Tossed among grainy lives of unfulfilled laborers I
study generations inspired by years of kitchen grime,
I deliberate over demonstrations of totemic puppetry.
Scrambling for guidance I find, instead, eyelids creased into
stereophonic slipstreams, passages unreformed by penitent sinners,
distortions of memory intruded upon by strange beeps and vibrations.
I guess not.
Sympathies fail in ways unknown:
Retroactively. Intrusively.

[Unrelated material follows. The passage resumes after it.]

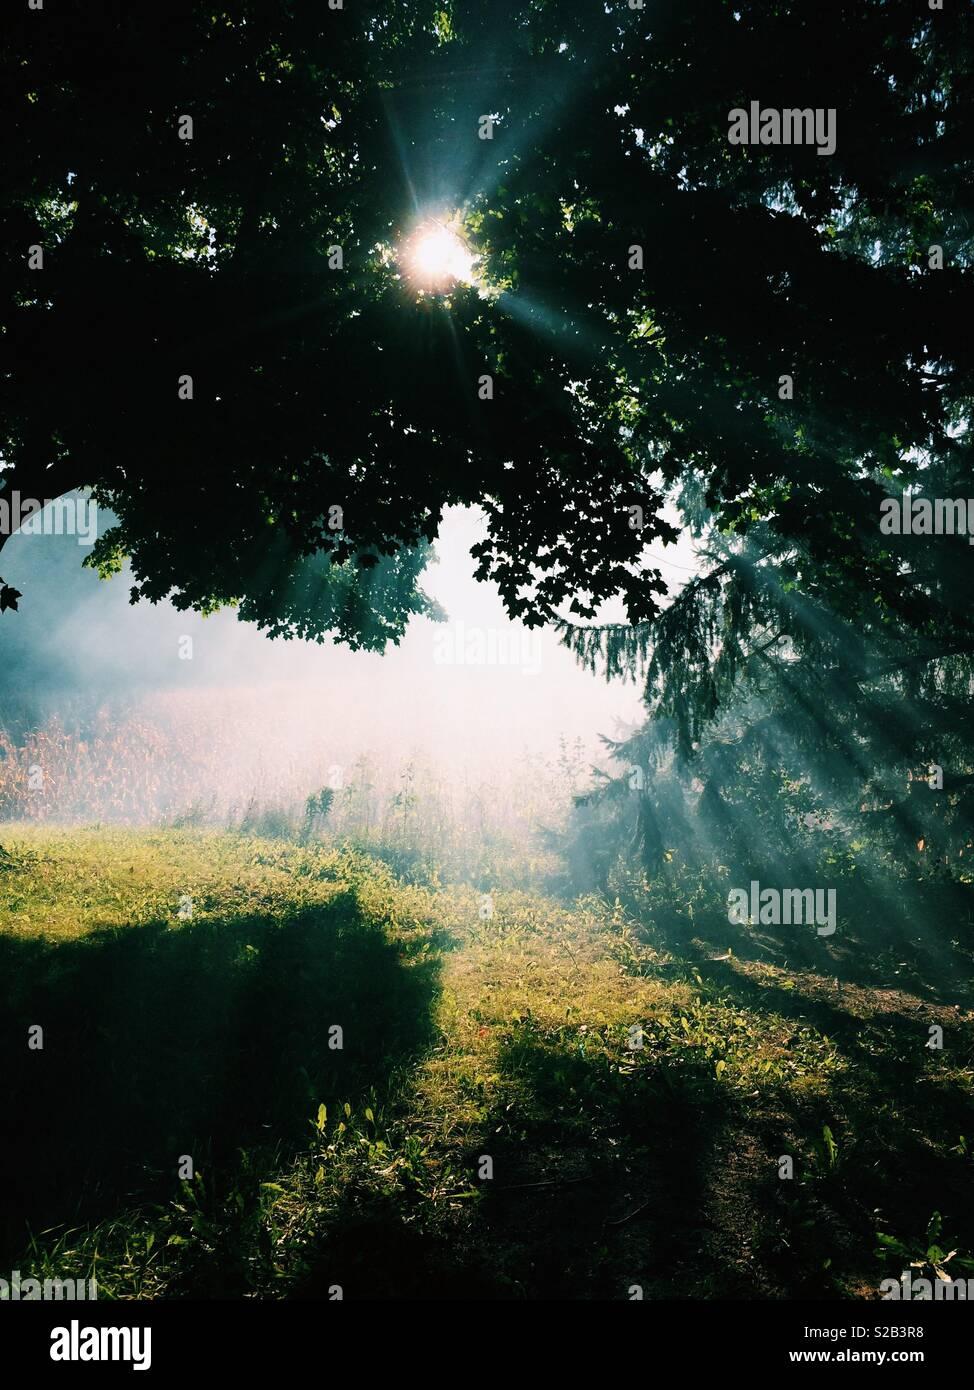 Llamarada Solar a través de árboles en un entorno rural. Imagen De Stock

Despotically.
I never attended a rally like those going on in today’s creamy oceans of America’s collective subconsciousness.
I don’t know where anyone is or why they would return when scenic crimes transfer thermostatic continuums from cigar box to cigar box, swerving at times but essentially maintaining control of tweedy opinions.
In the future we may never find competence for sustained employment, for reliable trust of strangers who occupy undiscovered economics, who rearm glossaries with fantastical nonsense revamped from thrown-out convictions.
Powerless second chances flourish like spit droplets, unrefined but capable of providing nourishment to children’s games and the silly delusions kept secret by married couples.
We gather to witness erosions of frivolously-maintained principles, luckily alive as boardrooms’ colloquial emptiness flowers into hard-earned disappointment.
Volumes will be written about these times but none who survive will read, learn, or believe enough to verify that the few surviving rumors are anything but myth.
Water will flow, hurrying at times, through abandoned libraries and basements, flowing through past glories where legacies died amid evaporated sounds of nocturnal interference.
Water keeps the foundation alive but its bitter heels split like acorns crushed by mountains, justifying its scorn with unidentifiable satisfaction.